00:35:03.000 We were broadcasting live right here.
00:35:07.000 You know, some low IQ people that are the keyboard warrior types.
00:35:15.000 Charlie, where were you on January 6th?
00:35:19.000 I was right here denouncing it.
00:35:22.000 I don't like when people destroy property, and I certainly don't like when people destroy the U.S. Capitol.
00:35:28.000 I didn't like it.
00:35:30.000 I still don't.
00:35:31.000 Was it a terror attack?
00:35:33.000 No.
00:35:34.000 No one's been charged with insurrection, let alone terror.
00:35:37.000 Mostly misdemeanors and trespassing charges.
00:35:41.000 Despite that, though, and you're starting to hear more and more people say that it's a terror attack.
00:35:46.000 It's a terror attack.
00:35:48.000 Now, why is that?
00:35:51.000 Why is that such an important thing?
00:35:53.000 Is that just language?
00:35:55.000 Because everyone's always kind of charged with hyperbole, right?

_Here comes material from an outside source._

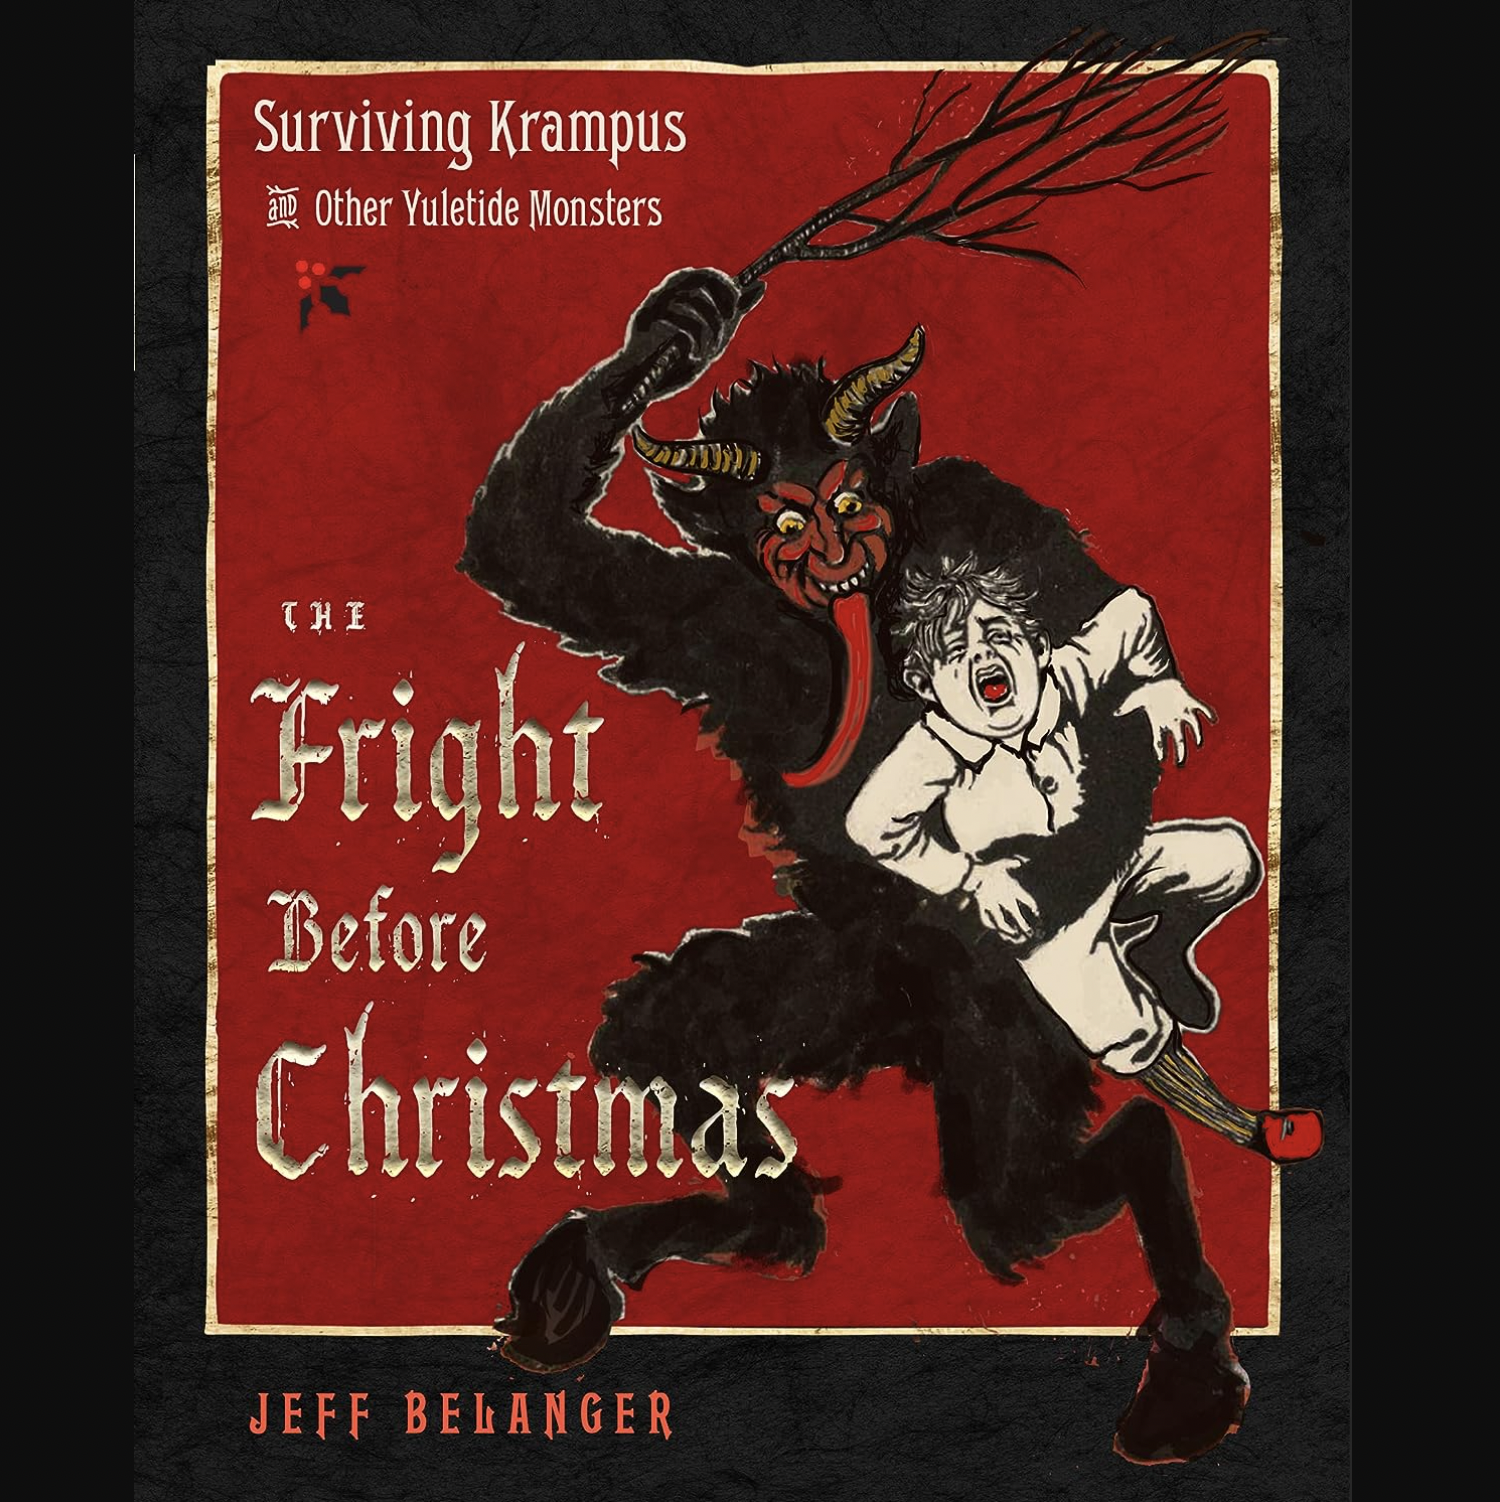 The Fright Before Christmas: Surviving Krampus and Other Yuletide Monsters Witches and Ghosts by Jeff Belanger

00:35:58.000 Let me tell you the difference.
00:36:01.000 Because as soon as you start to describe something as a terror attack, you're now entering a legal argument.
00:36:07.000 You're now entering something that could be charged with a totally different threshold of the law.

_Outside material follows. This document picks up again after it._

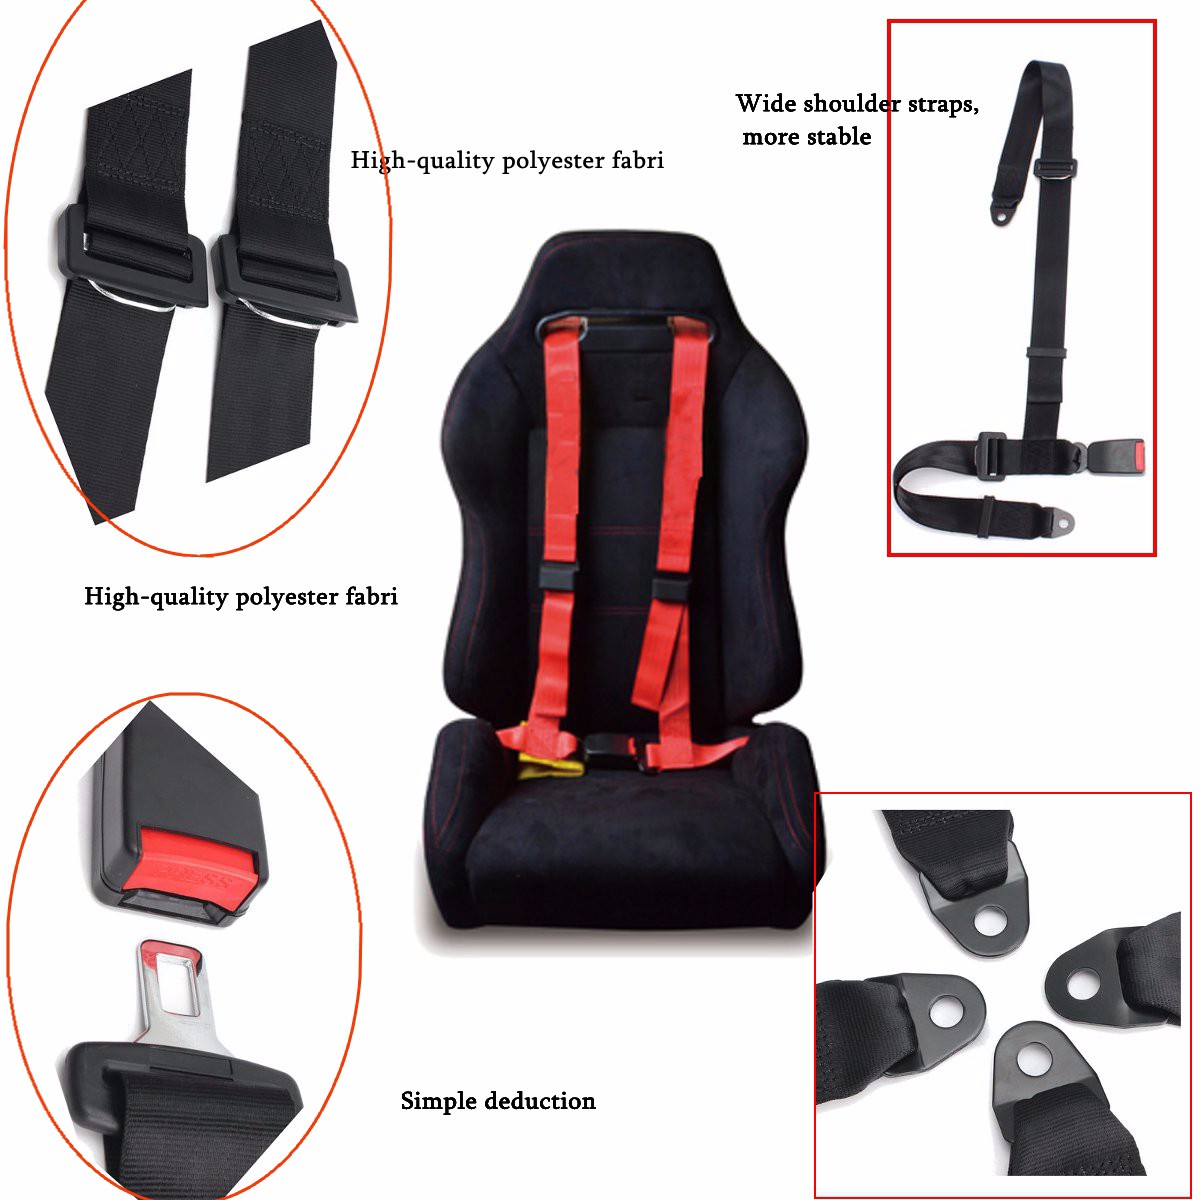 Sport racing car harness safety seatbelt 3 4 point fixing mounting quick release

00:36:15.000 The difference would be saying that Alec Baldwin is Charlie Manson or Ray Lewis.
00:36:25.000 Which one is he?
00:36:26.000 Did he accidentally kill somebody or did he intentionally kill somebody?
00:36:30.000 Huge difference, by the way.

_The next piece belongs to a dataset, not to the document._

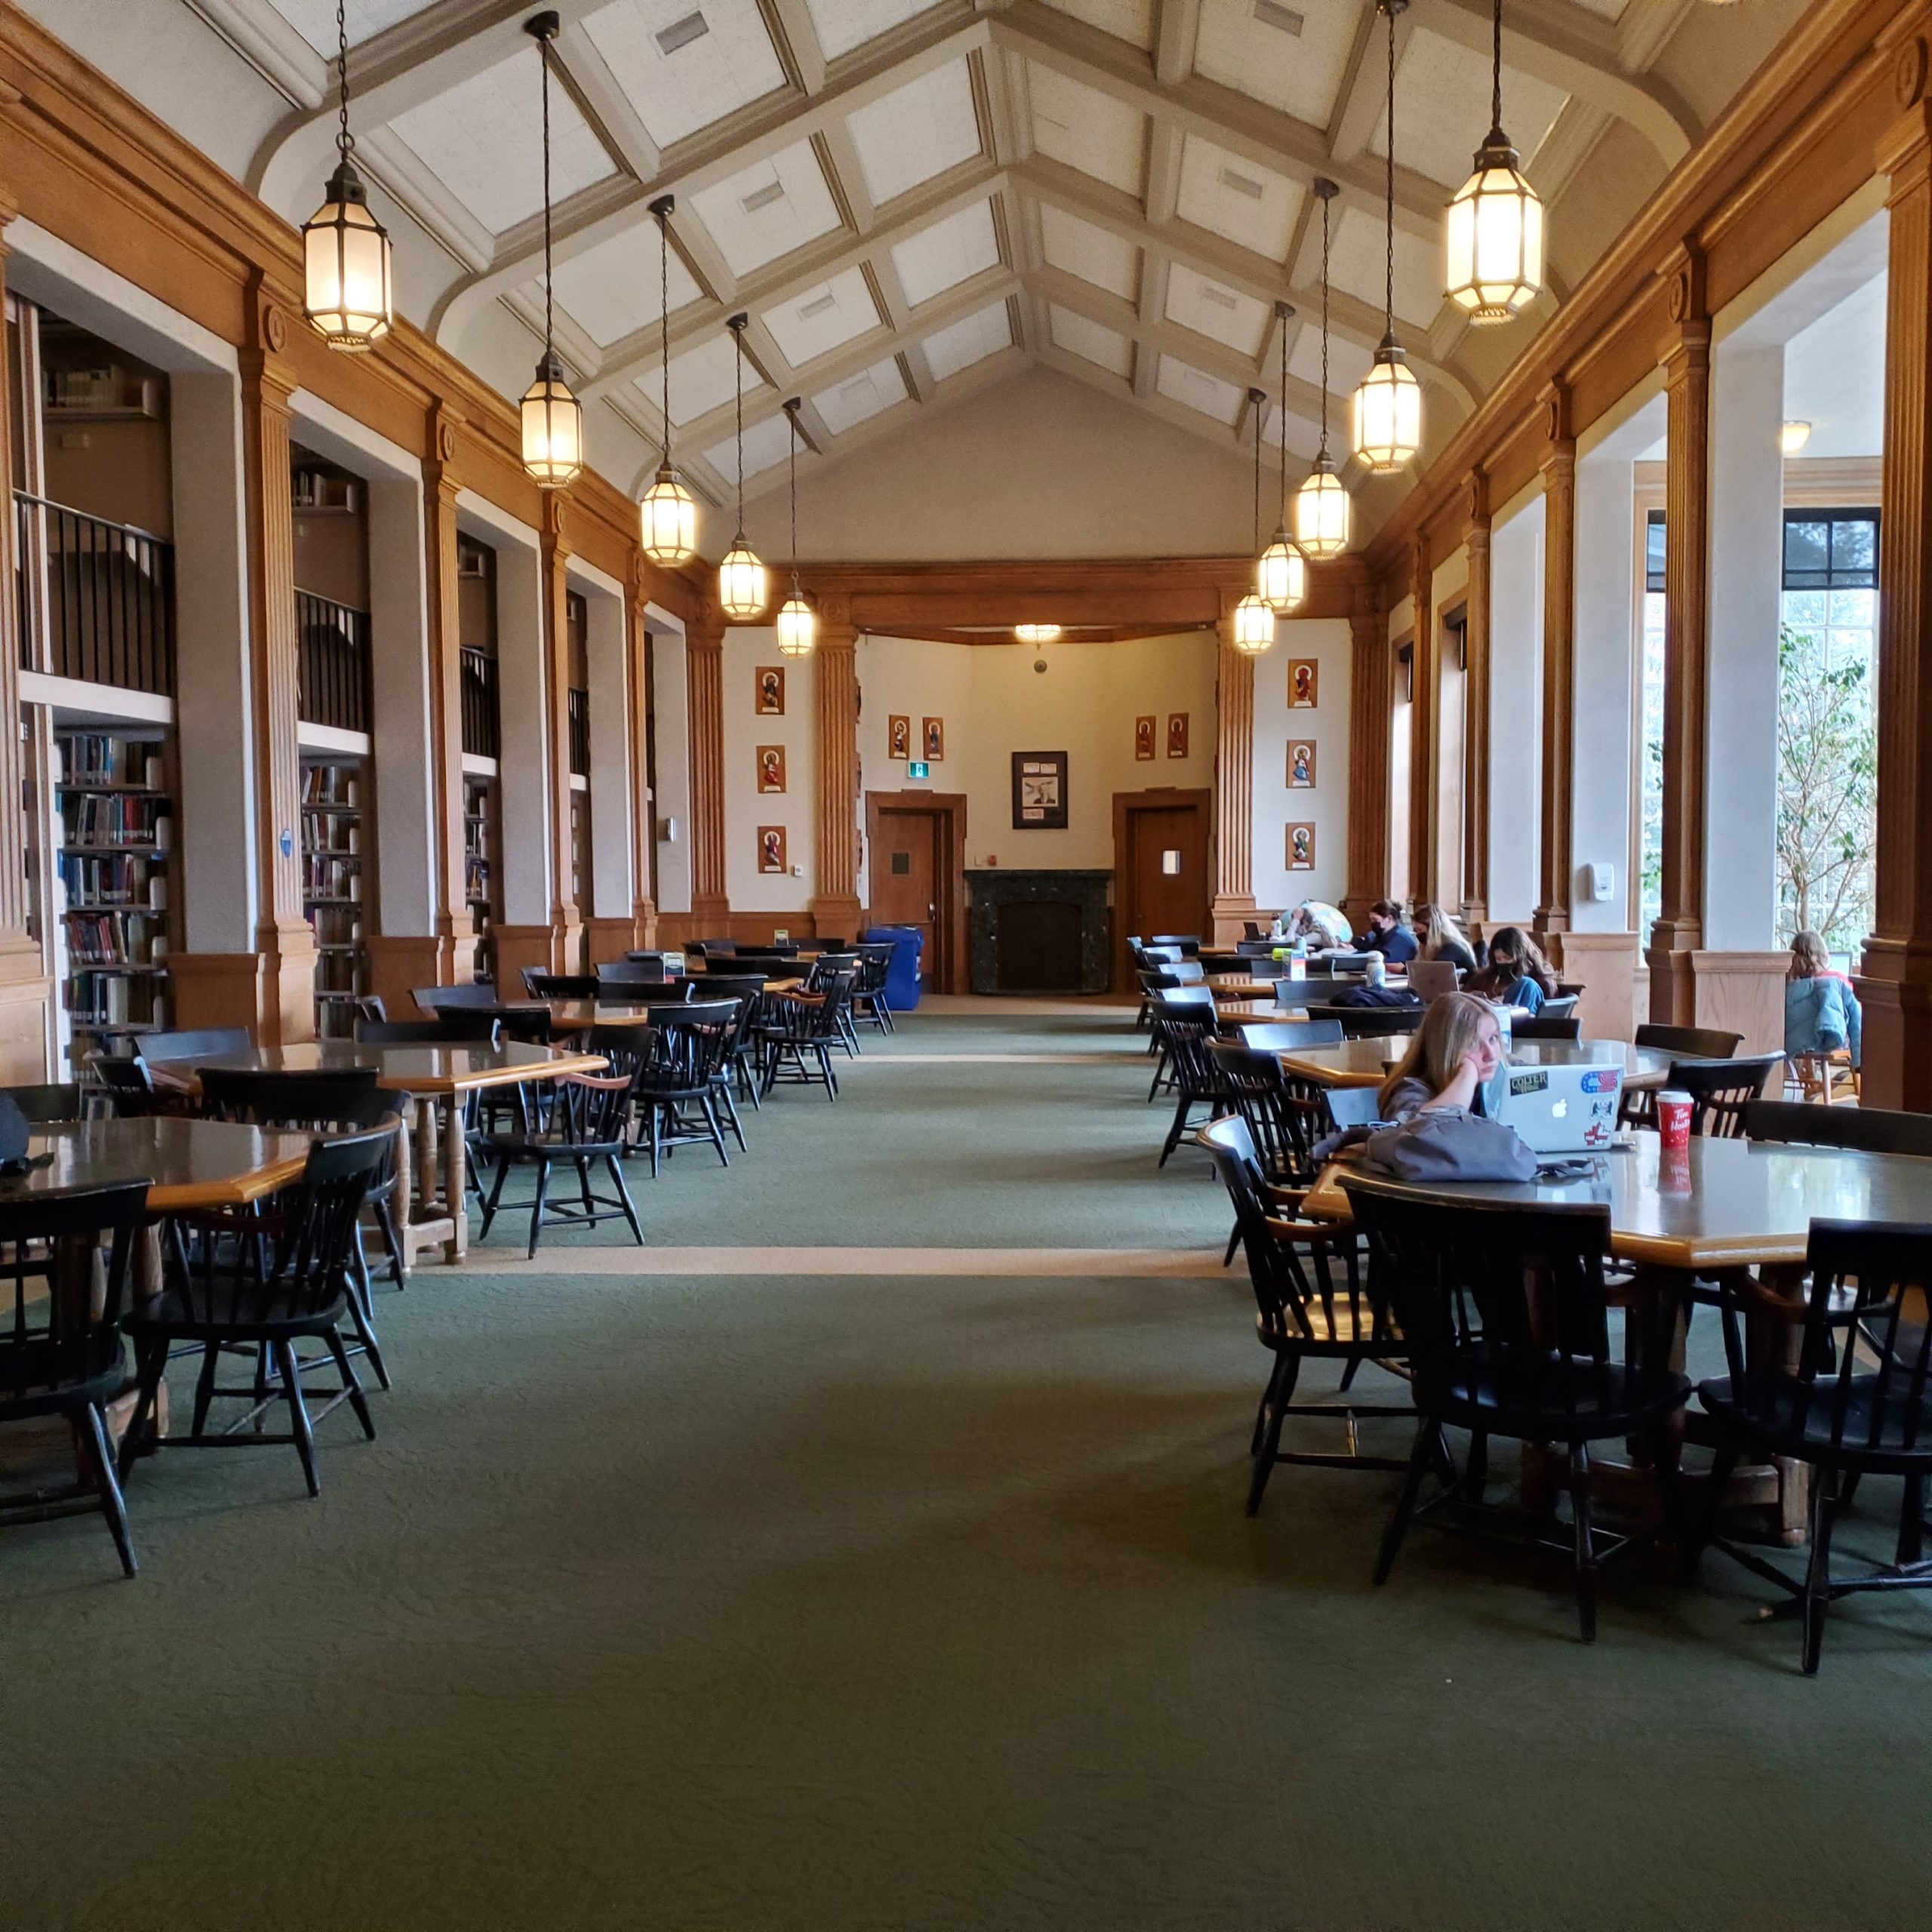 Photograph of the Hall of the Clans in the Angus L. Macdonald Library

00:36:33.000 But for whatever reason, more and more politicians, and both parties, by the way, are calling this a terror attack, just like baselessly pandering to the New York Times and to the Wall Street Journal.
00:36:45.000 Well, here's the significance of it, though.
00:36:48.000 Then you get very dangerous people like Brad Schneider, a man who I actually, I don't know, but one of my first kind of campaigns I worked on was Bob Dold with a D, not an E, in Illinois' 10th congressional district going from Des Moines, Displains.
00:37:07.000 I'm sorry, not Des Moines, Displains, Illinois, all the way up to Zion Benton, right up to the border where Kyle Rittenhouse was from.
00:37:12.000 And Brad Schneider, real sneaky guy, and won the district against Bob Dold.
00:37:20.000 And he's been a carbon cutout Democrat the whole time, despite saying he's going to be a moderate.
00:37:26.000 It is a moderate district.
00:37:27.000 It's probably a fiscally conservative, socially liberal district, North Shore of Chicago, Highland Park type area.
00:37:34.000 But Brad Schneider came out last year and he said, look, here's what we need.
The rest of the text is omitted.